Wanted to share an experience. I needed to use some 1/8" shank bits to do smaller engraving and cut veneer. On eBay early this year, I found an air cooled 400 watt spindle with speed control that didn't break the bank at $140 with shipping. So here is some of the story after 40+ hours of cutting.

* Spindles use an ER interface to hold bits, different collets for the ER interface let you use different shank bits. The ER 11 interface only takes collets up to 1/4" shanks. [bigger spindles with an ER 20 interface can take 1/2" shanks] You can get metric size collets also.

* 400 watts is 1/2 horsepower. The spindle seems to have less torque than a normal router and needs time to ramp up to speed. Of course I have never used a 1/2 hp router to make a real comparison. You need to take quite a bit less depth than you would with even a 2 hp router. I have found that any larger than an 1/8" end mill isn't very efficient with this low of horse power.

* Run-out on the spindle was less than .001 with my expertise and available equipment in measuring. In use with wood, aluminum and brass the finished parts measured exact. 

* Air cooled is a bit of concern to me since my shop isn't air conditioned, when the ambient temperature goes over 70 F, it could affect the spindle life. 

My conclusion is that it is fine if being used for the right purpose.
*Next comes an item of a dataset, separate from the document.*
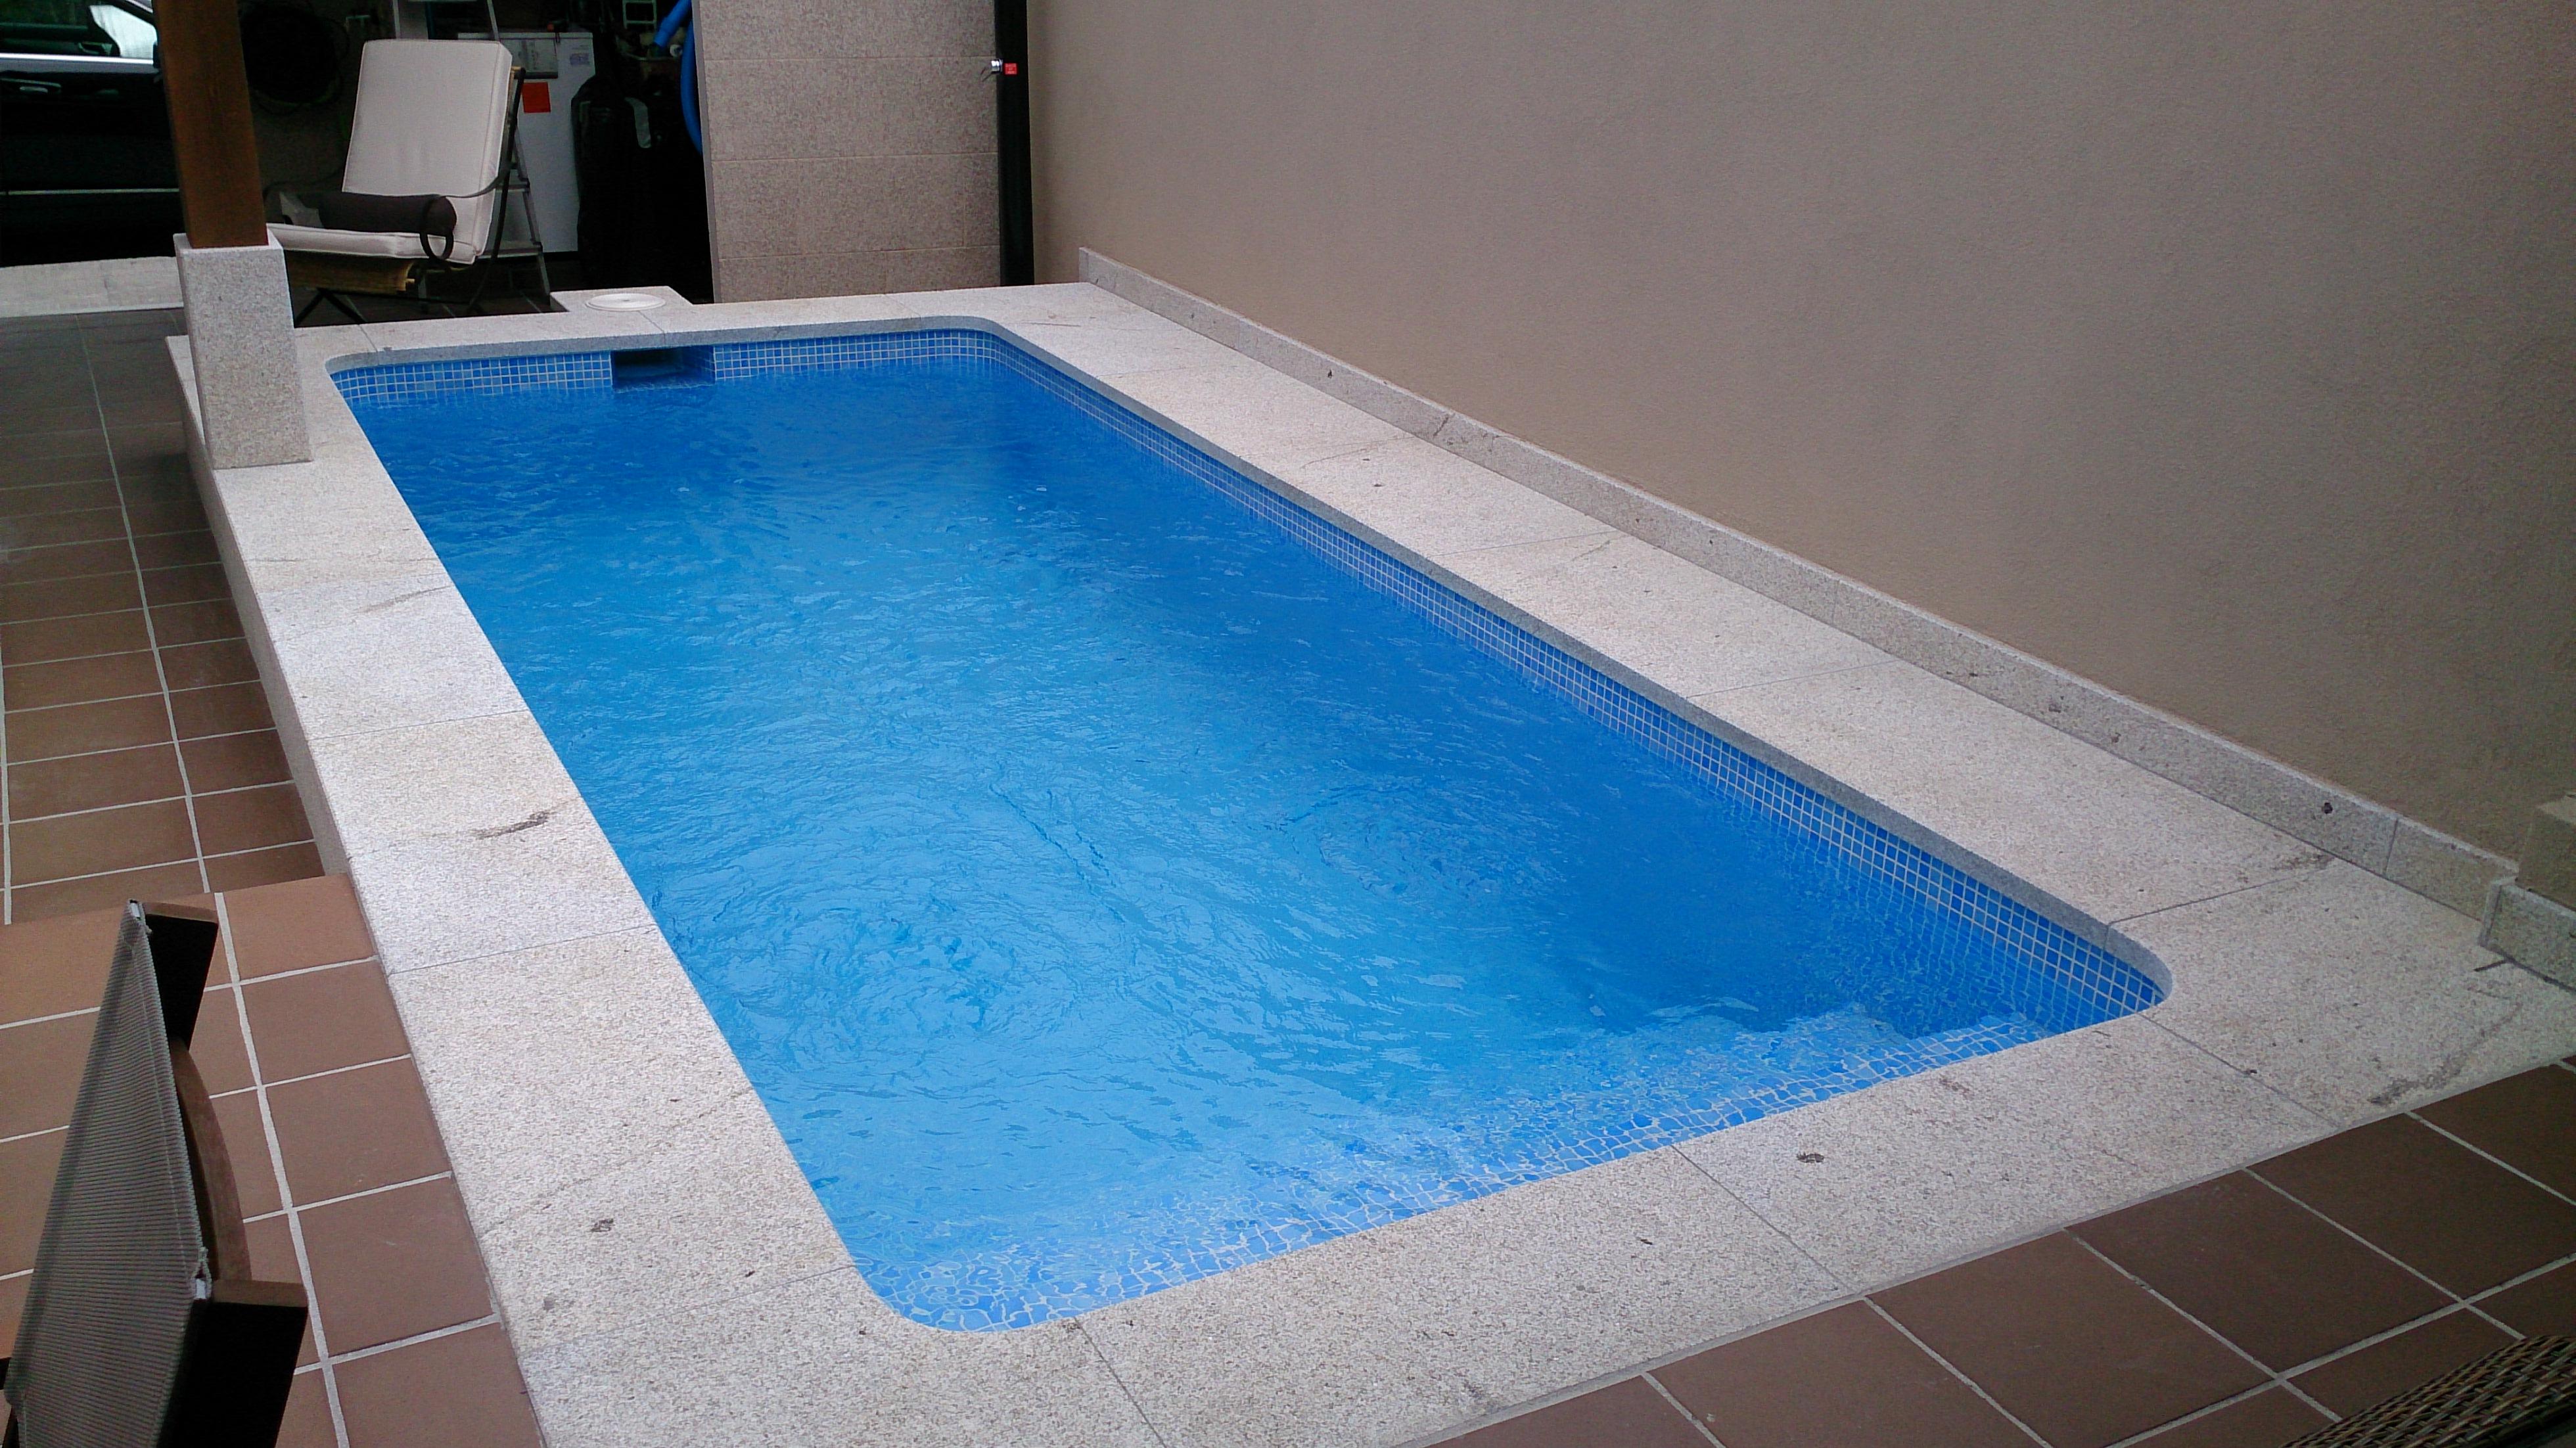 Piscinas salnes piscinas de hormigon for Construccion de piletas de hormigon

I use as small as 0.05" diameter end mills for work that couldn't be done with a 1/4" shank bit. I change out the spindle for a die grinder when I need to make deeper and larger cuts. 

Someday I may upgrade to a 2.2 KW (3 hp) spindle. Problem for me is that they are 220 volts which I don't have in my shop. They are normally water cooled and have a third bearing in the center. I need a way to rationalize the payback of the investment.

Steve.


----------



## Mike (Nov 22, 2004)

Steve, if you have multiple circuits in the shop you can tie them together for 220.


----------



## SteveMI (May 29, 2011)

It wouldn't be that hard to run a 220 line from the box to the shop area since it is in an attached garage. 10 years ago the local power company would have installed a second box in the garage for free, now they don't even want to do it. I got busy and didn't take them up on it back then.
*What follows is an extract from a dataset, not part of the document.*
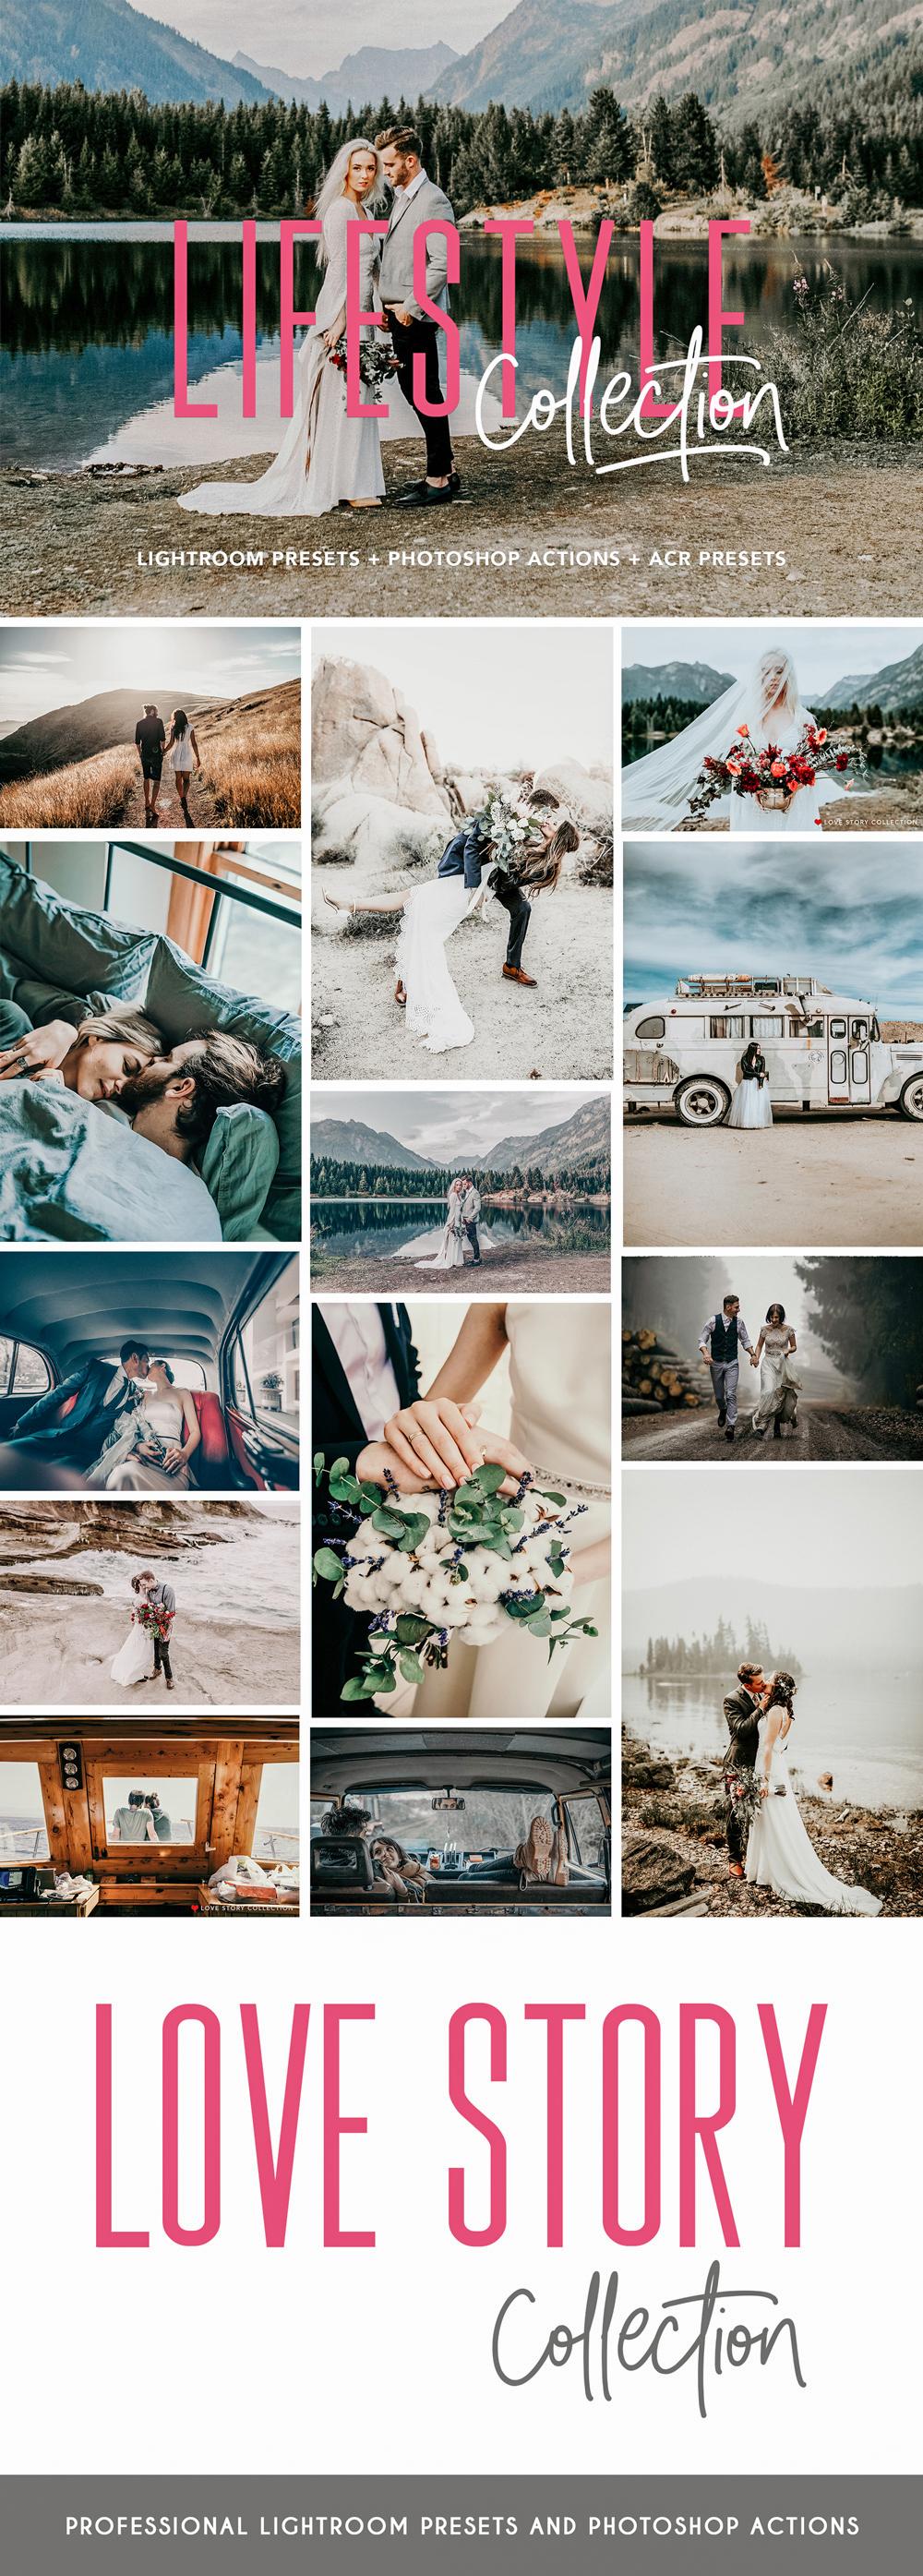 vwin德赢网《梦幻之声》,设计的设计和摄影

Circuits in the garage have other lives in the house. Sometimes when the refrigerator cycles, dishwasher is running and then the microwave is used a breaker will trip on one of my shop tools.

Steve.


----------



## Cherryville Chuck (Sep 28, 2010)

Steve up here all 3 of those appliances are supposed to be on their own dedicated circuits. How many amps is your panel?
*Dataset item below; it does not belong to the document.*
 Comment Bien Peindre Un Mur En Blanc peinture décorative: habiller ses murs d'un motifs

By the way thanks for the review. That was interesting. The spindle was cheap enough. What about the software?


----------



## SteveMI (May 29, 2011)

Cherryville Chuck said:


> Steve up here all 3 of those appliances are supposed to be on their own dedicated circuits. How many amps is your panel?


Separate circuits would be smart, didn't happen in 1980 when the house was built. There is a separate 220 run to the laundry for a dryer to the kitchen for a stove and a line to air conditioner compressor that might be 220. I think my panel is 200 amp total. 

The spindle comes with a circuit board that will interface with Mach 3 and other controller software. Due to the ramp up time I run it manually with the speed control from the circuit card. 

I went to eBay for a picture and was surprised. It is now $98.50 with free shipping from California, I ordered from China. From the picture you can also see that it comes with a mount for the spindle.

I have no connection with the maker or importer of this product. 

Steve.


----------



## Cherryville Chuck (Sep 28, 2010)

That's cheap!

Steve you have ample power at the panel, you just need it distributed better. In the long run, the cheapest and easiest solution would be to run a heavy gauge wire from your main panel to a subpanel in your garage. I'm not sure what you would like to have there for tools but you could easily have a 60 amp panel there and then all the runs to your outlets and tools would be short. You would just need to install a 60 amp breaker in your panel and run a 6 or 4 gauge wire to your garage.


----------